I would like to thank Nicole for her comment on the last post. She posts the information that we have put 200 plus billion tons of carbon in the atmosphere while we manage about 24 billion tons in depleted agricultural soils. This says quite nicely that agriculture needs to sequester ten times the carbon currently utilized.

Those who have waded through my many posts on the subject know that is completely feasible using the terra preta protocol.

Otherwise, although I am very sympathetic to the attempts to take advantage of pyrolysis and perhaps high pressure reforming to produce a fuel and a char byproduct, I am not overly optimistic. It also requires expensive engineering and fabrication to achieve the demanded perfection ensuring that it will never be properly deployed.

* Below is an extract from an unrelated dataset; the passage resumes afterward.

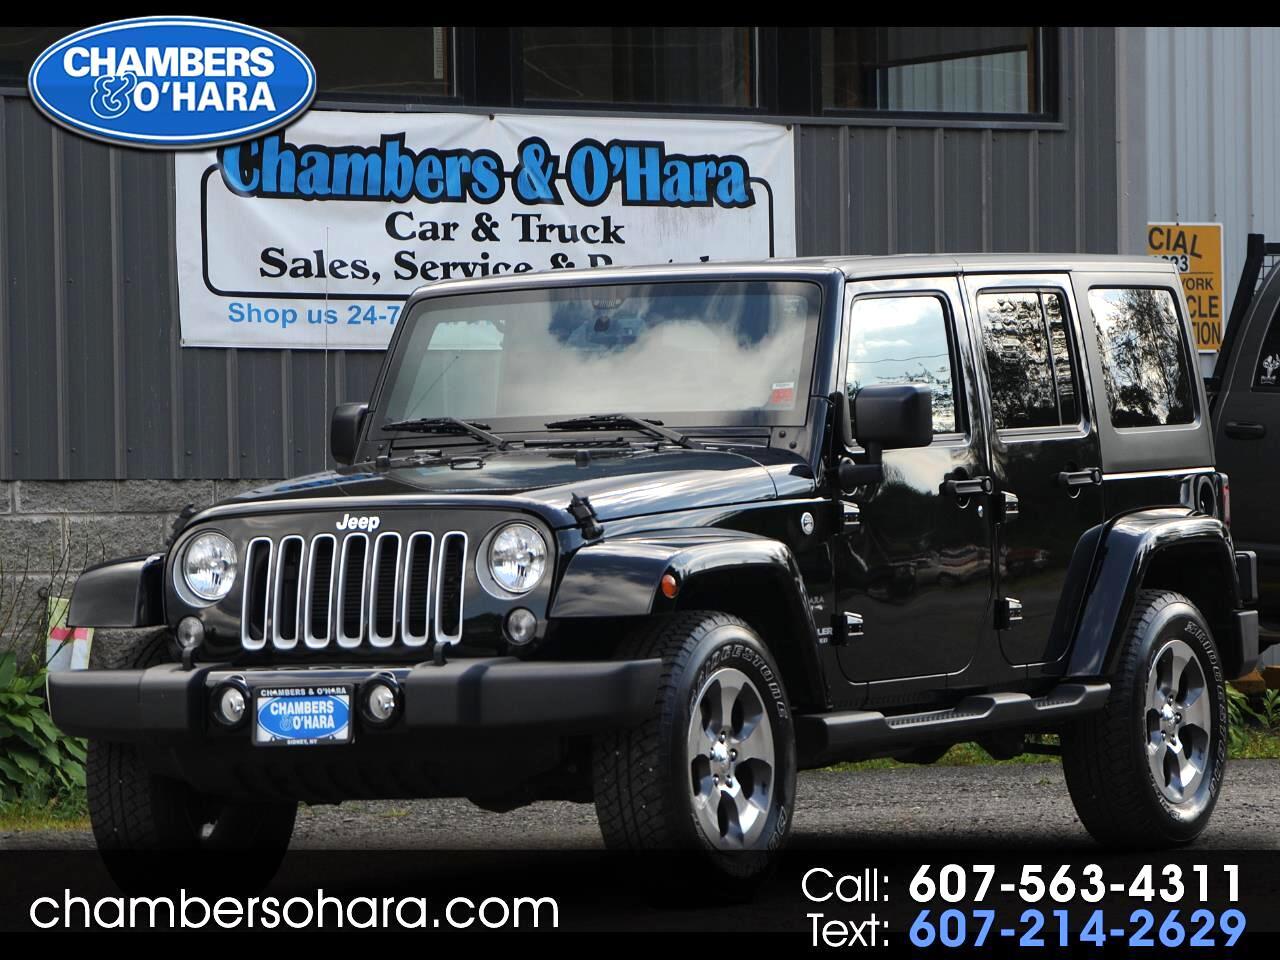 2017 Jeep Wrangler Unlimited Sahara 4WD

I am also not so sure that high temperature charcoal is as beneficial as mid temperature biochar as produced by terra preta techniques. In any event, a corn based protocol will certainly produce a biochar that is already powdered and is likely in the best form for agricultural application. And it is a ton per acre which is ample to meet our needs. It becomes theoretically possible to clean up the problem in even a couple of generations while hugely increasing agricultural productivity.

The question is also asked indirectly why is charcoal not prevalent in slash and burn soils and in areas that man has cleared and converted to farmland. The reason is simple enough. Hot charcoal will spontaneously ignite, so unless there is intervention to shut off the air supply with a shovel full of dirt it will all burn off. This is what makes the earthen kiln built from the roots of corn so effective. As the fuel is consumed, the stack with its earthen shell will shrink and any breakouts can be quenched with a basket of dirt.

Such a kiln should yield around 20% plus charcoal as biochar while reducing the balance to CO2. The powdered carbon is then folded back into the soil and is sequestered as the terra preta soils have proven beyond any doubt.

The original question that I faced was how did they do it. I have demonstrated how they did it and the archaeological evidence conforms it totally. In fact when I worked this all out, I predicted that it had to be by the use of corn as it was the only crop available that was both productive enough and also assisted in the building of a kiln. It was with some satisfaction that I was able to check archaeological pollen tests and confirm that the two principal crops were corn and cassava. And it is also worth noting that corn is not a great crop normally for Amazonian conditions so they had to have a compelling reason to grow it at all.

The point of all this is that the worlds 2 billion plus subsistence farmers can readily implement terra preta corn culture anywhere, including massive tracts of long cycle slash and burn agricultural lands and create new productive lives for themselves while sequestering all the worlds carbon.

Any system that converts annual biomass into terra preta biochar is massively carbon friendly and needs to be promoted, although I am sure an army of mental midgets will scream exploitation of the masses, just as they try to argue that no job is superior to a steady job that feeds the whole family. Forgive my impatience.